Metro Weekly

Issue #1: Annie Adjchavanich – May 5, 1994

To celebrate our 31st Anniversary, we present, for the first time since 1994, the interview that launched Metro Weekly magazine.

It’s no secret among those who work alongside me that I have a strange, love-hate relationship with anniversary issues. Almost to the point of stifling.

I can’t explain it other than to say that, while I am in awe of Metro Weekly‘s past, in constant amazement of its present, and always looking forward to its future, the idea of growing older along with the magazine psychologically weighs on me.

Still, anniversaries happen. They are unstoppable, inevitable, undeniable.

For our 20th year, we put out a humdinger of a celebratory issue — back when we were still in print. We may attempt to repeat that ungodly feat one day, but for now, I thought, what could we do that would have an impact for the magazine, for the LGBTQ community it serves, and for the individual reader, both longtime and new?

At first, the idea was to publish a few high-profile interviews that haven’t seen the light of day since they were in print.

From 1994 to roughly 2002, you see, Metro Weekly had no Internet presence. So the 31st anniversary felt like a perfect opportunity to revisit those interviews to show how some things change for the better, how some stubbornly remain the same, and how some have gotten worse — much, much worse. You all know what I’m talking about.

This task sent me into a nightmarish existential crisis. What do I pick? What do I leave out? How do I provide an absolutely perfect balance? (I’m a Libra, okay? Absolutely perfect balance is my life force.)

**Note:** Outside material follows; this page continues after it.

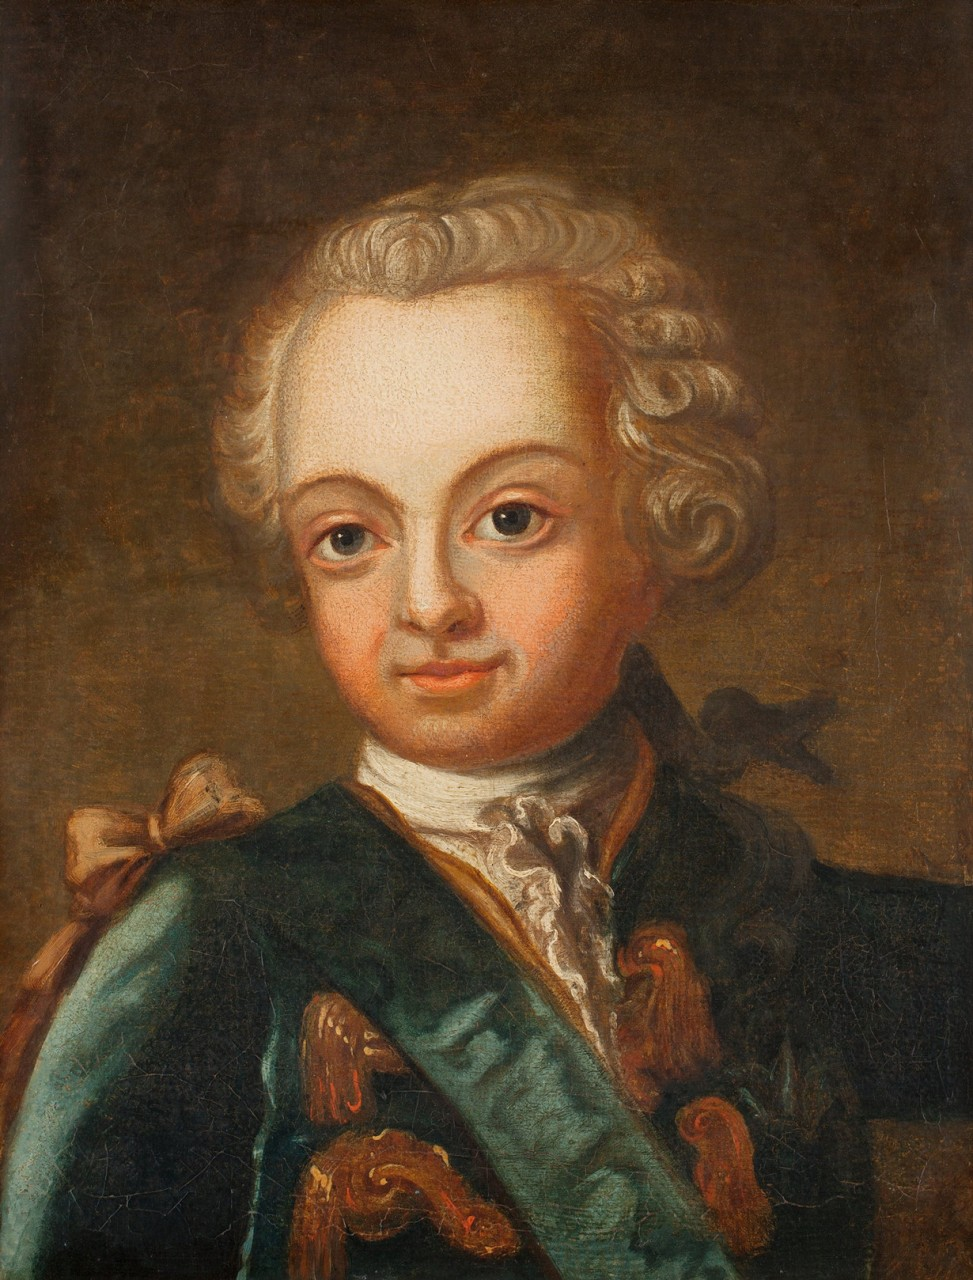 16. Шведский король Густав III приказал провести эксперимент по изучению влияния кофе на организм человека факты, швеция

After much procrastination — I’m a journalist, okay? Procrastination is my other life force — I settled on a notion that had been rolling around in my head for a couple of years, to the point where Todd Franson, who, it must be noted, has been with the magazine in one capacity or another — from assistant editor to music critic to senior photographer to art director — since 1995, would groan loudly, “DO IT ALREADY!”

The idea? Create a new weekly section in the magazine that presents a Metro Weekly interview (or a feature) from the past, mostly hovering within the 1994 to 2002 out-of-print range, and get them back out there for readers to enjoy. A fun history lesson, as it were! If history lessons can be thought of as fun.

We have a wealth of interviews from which to choose for this new project: Eartha Kitt, Carol Channing, Sir Ian McKellen, Greg Louganis, John Waters, Judith Light, Pat Carroll, Michael Kahn, Camille Paglia, Bruce LaBruce, Keith Boykin, Frank Kameny, Bill T. Jones, and many, many more. (You can cast a vote who we should republish in upcoming issues and enter for a chance to win Metro Weekly merch and other prizes!)

The logical place to start, however, was with Issue #1.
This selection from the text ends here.